MLVA was performed on MRSA isolates in this study to obtain phylogenetic relationships in the form of a dendrogram. By using the MLVA technique with Bionumeric software 8.0 we were able to separate the PCR amplicons even with small differences in a band size that allowed us to obtain an accurate product size. MRSA isolates produce a PCR product with specific VNTRs converted into tandem repeats at their specific loci. The genotypes were formed by MLVA and shrunk down to 60 haplotypes. A minor change in the base pair of the VNTR created a new MLVA strain, which now belongs to a different genotypic group. Similarly, 63 MLVA types were identified in 123 MRSA isolates in an earlier study in Pakistan.
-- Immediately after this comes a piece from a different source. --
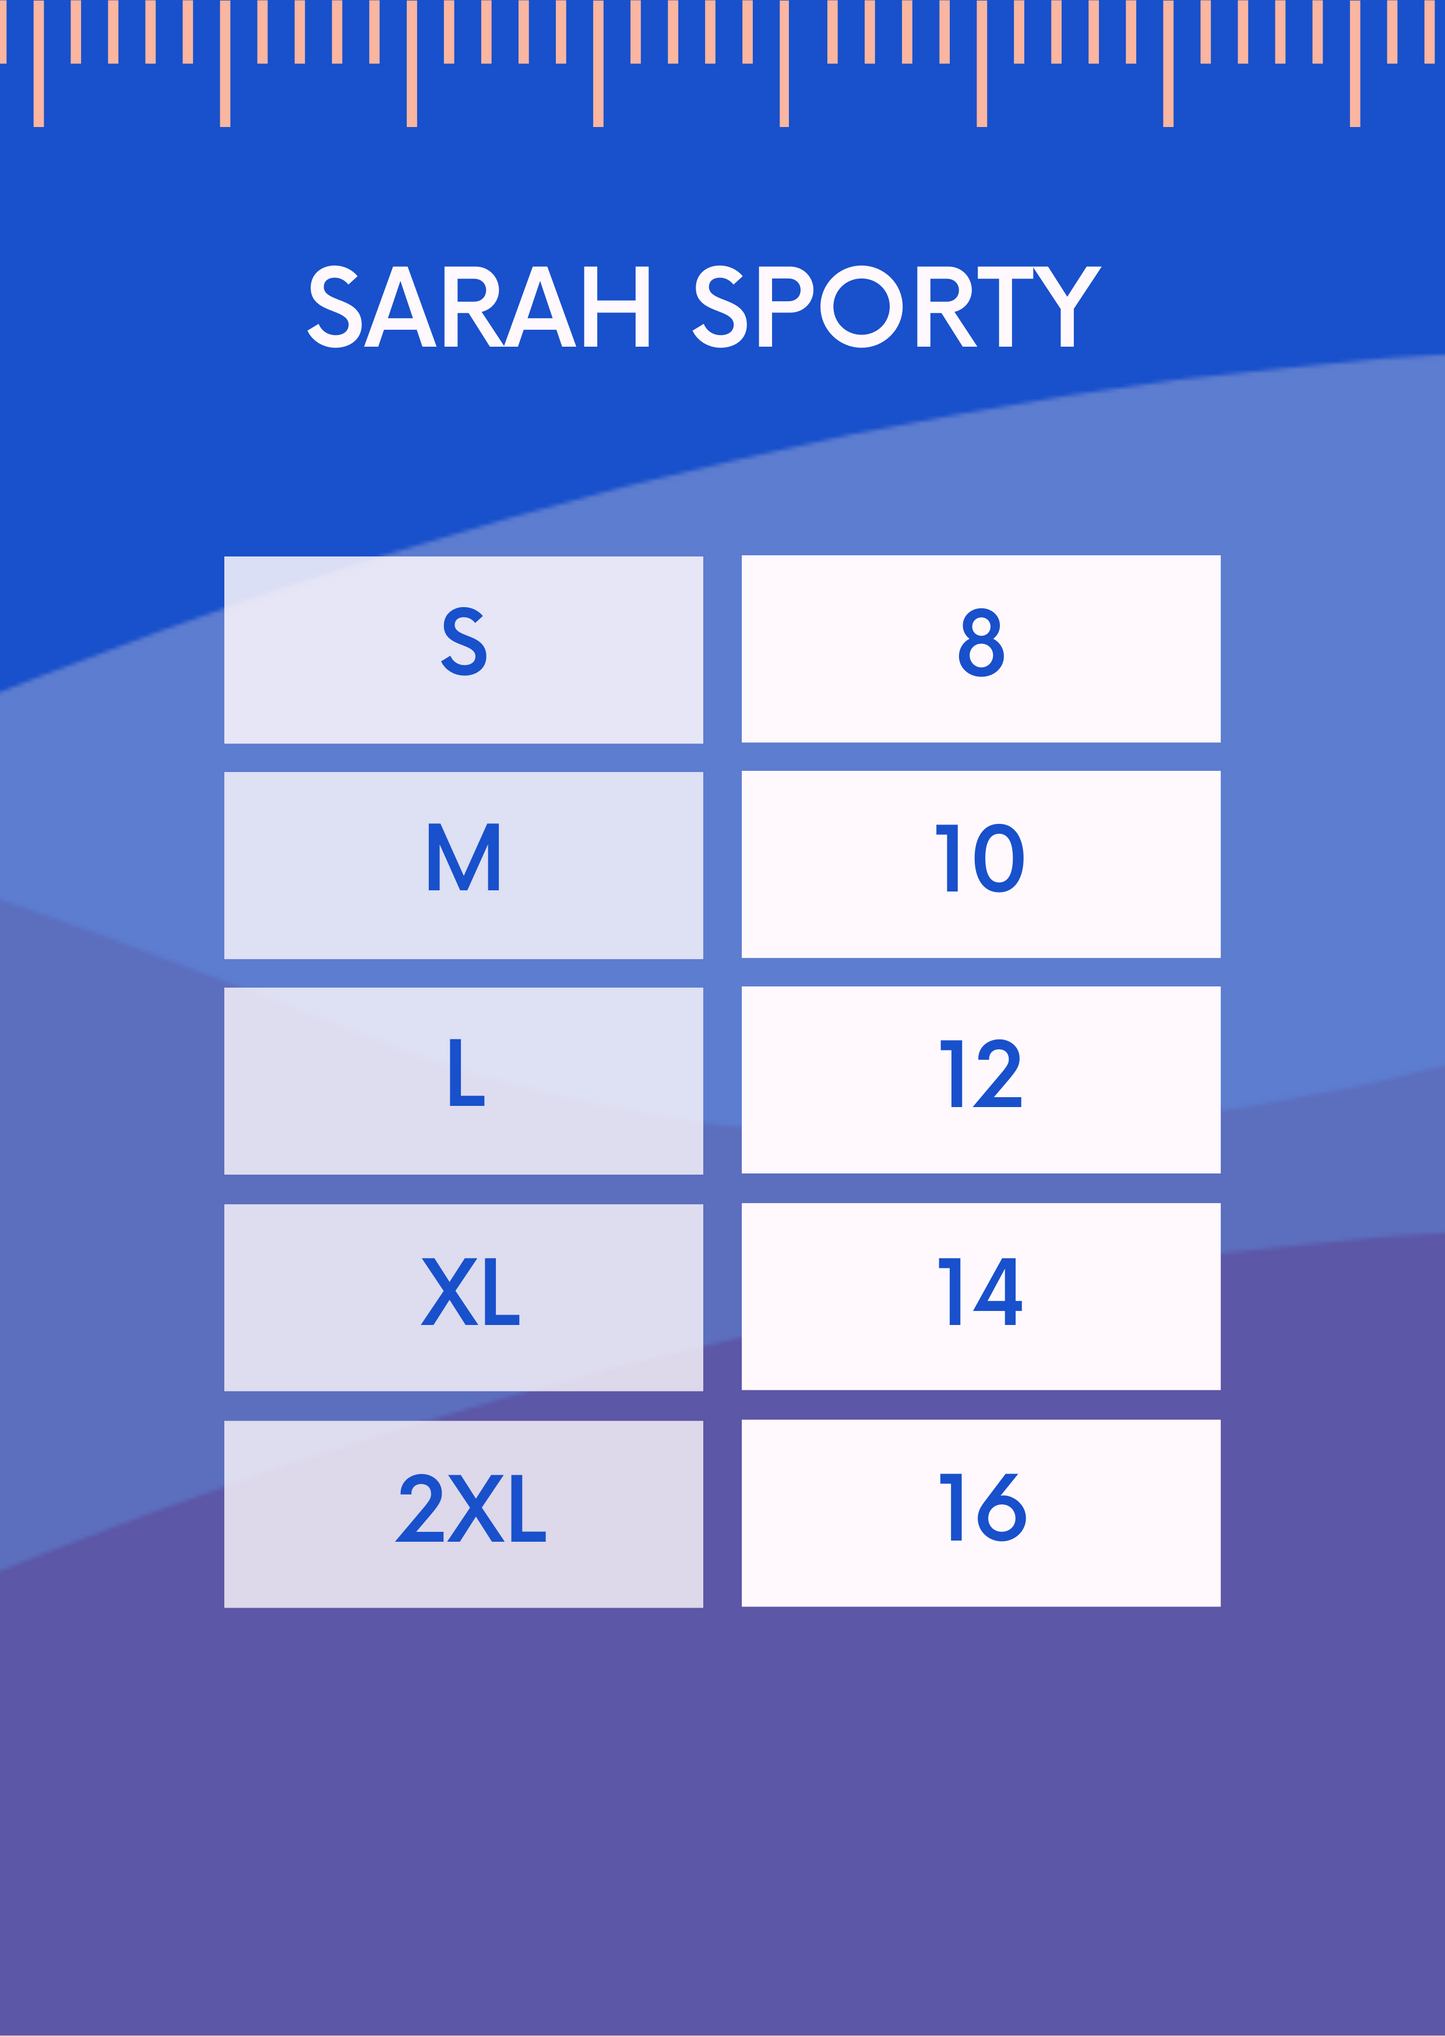 Sarah Sporty Knickers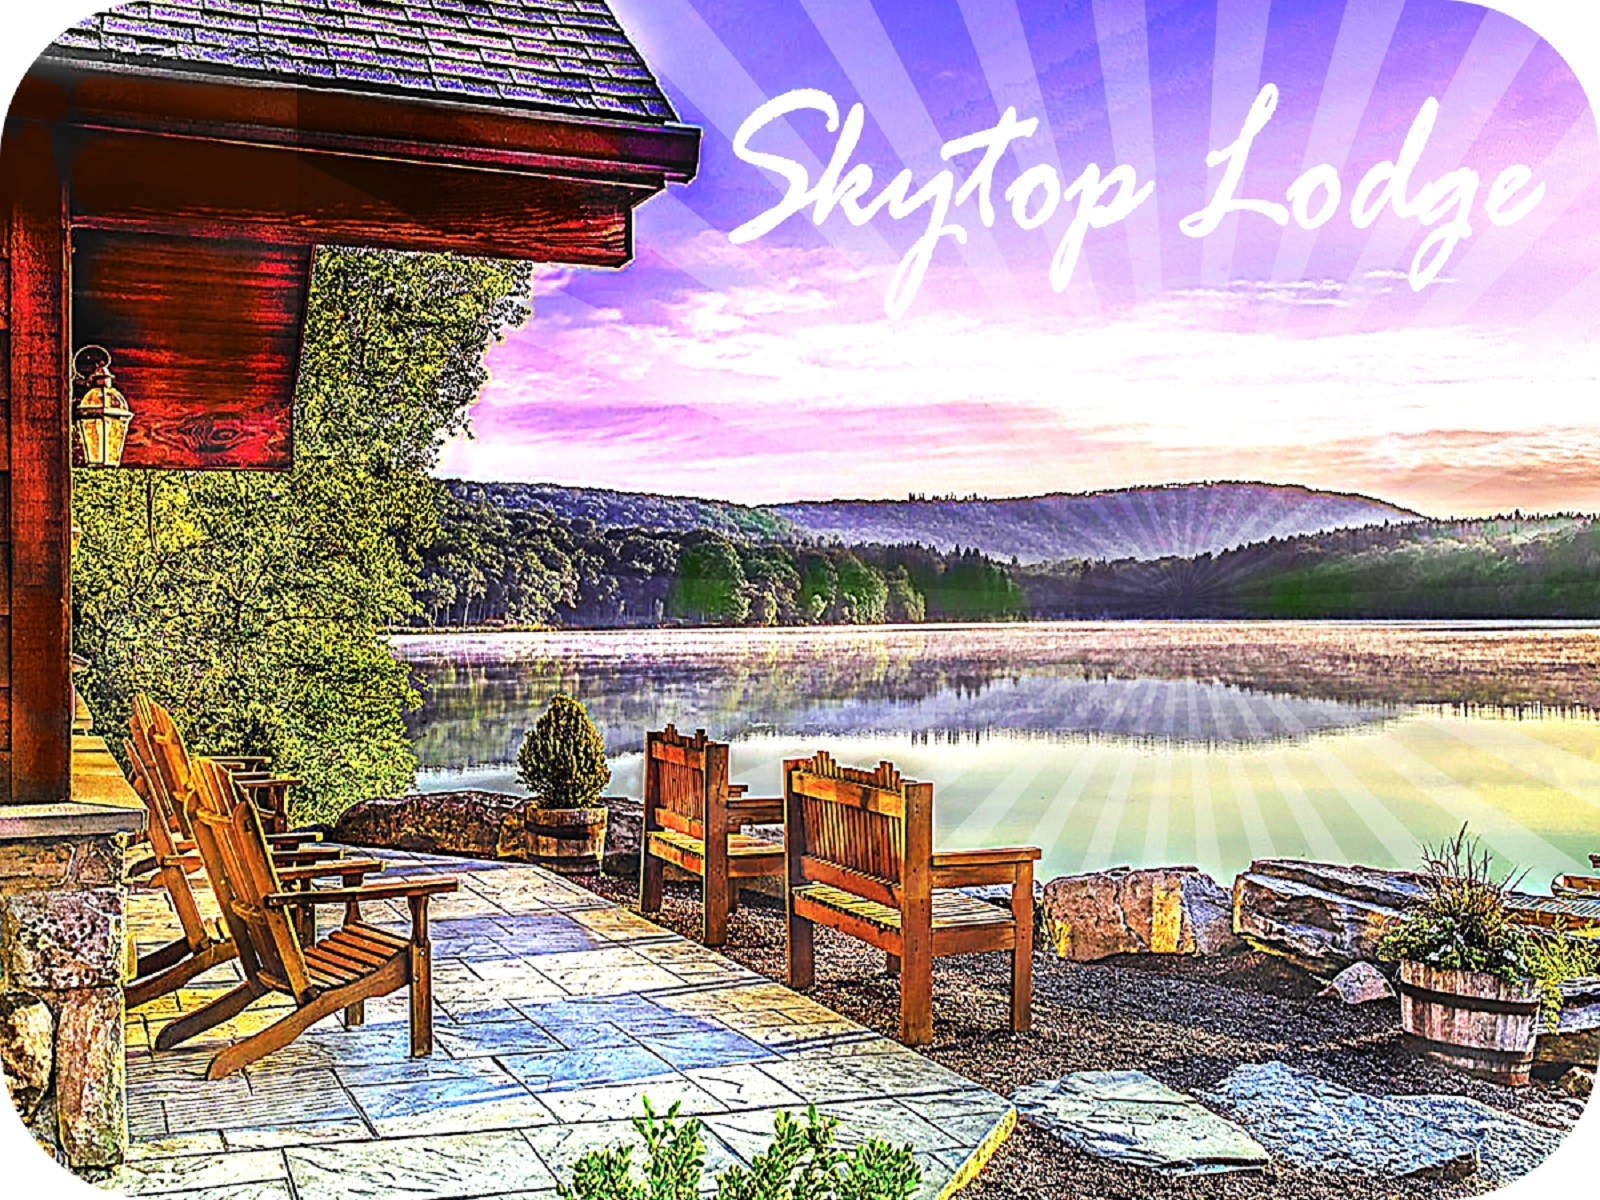 Skytop Lodge Pennsylvania with Sunset Photo Fridge Magnet - $7.25

MLVA was found an effective technique to understand the phylogenetic relationship and distribution of MRSA isolates.18 Moreover, in another study, MLVA was used to type S. aureus isolates. MLVA performed exceptionally well in distinguishing between unrelated isolates.51

Low genetic diversity was found among MRSA strains in this study because all strains had a similarity index above 92%. A similar observation of diversity was documented by another study but in different bacterial species in India.52 MLVA can be used as a standardized and portable molecular typing technique. This technique can contribute to our understanding of the genetic diversity of various pathogens, particularly in areas where new isolates are emerging.53 A previous study also documented that MLVA can differentiate between strains of similar lineages in clonal complexes.15

Conclusion

In conclusion, SCCmec III was found to be the most common type in MRSA isolates exhibiting the vancomycin MIC creep phenomenon. Discovery of mecC gene and the presence of SCCmec XI indicates zoonotic origin of these MRSA isolates which highlights the complexity of the antimicrobial resistance scenario. A similarity index above 92% by MLVA analysis indicated that genetic diversity among the MRSA population was very low and strains were related to each other. Data on identification and characterization of clones of MRSA with high MIC values will provide insight to clinicians and health professionals to formulate local antibiotic policy in each hospital and implementation of infection control measures which consequently will hamper the distribution and spread of MRSA in Pakistan.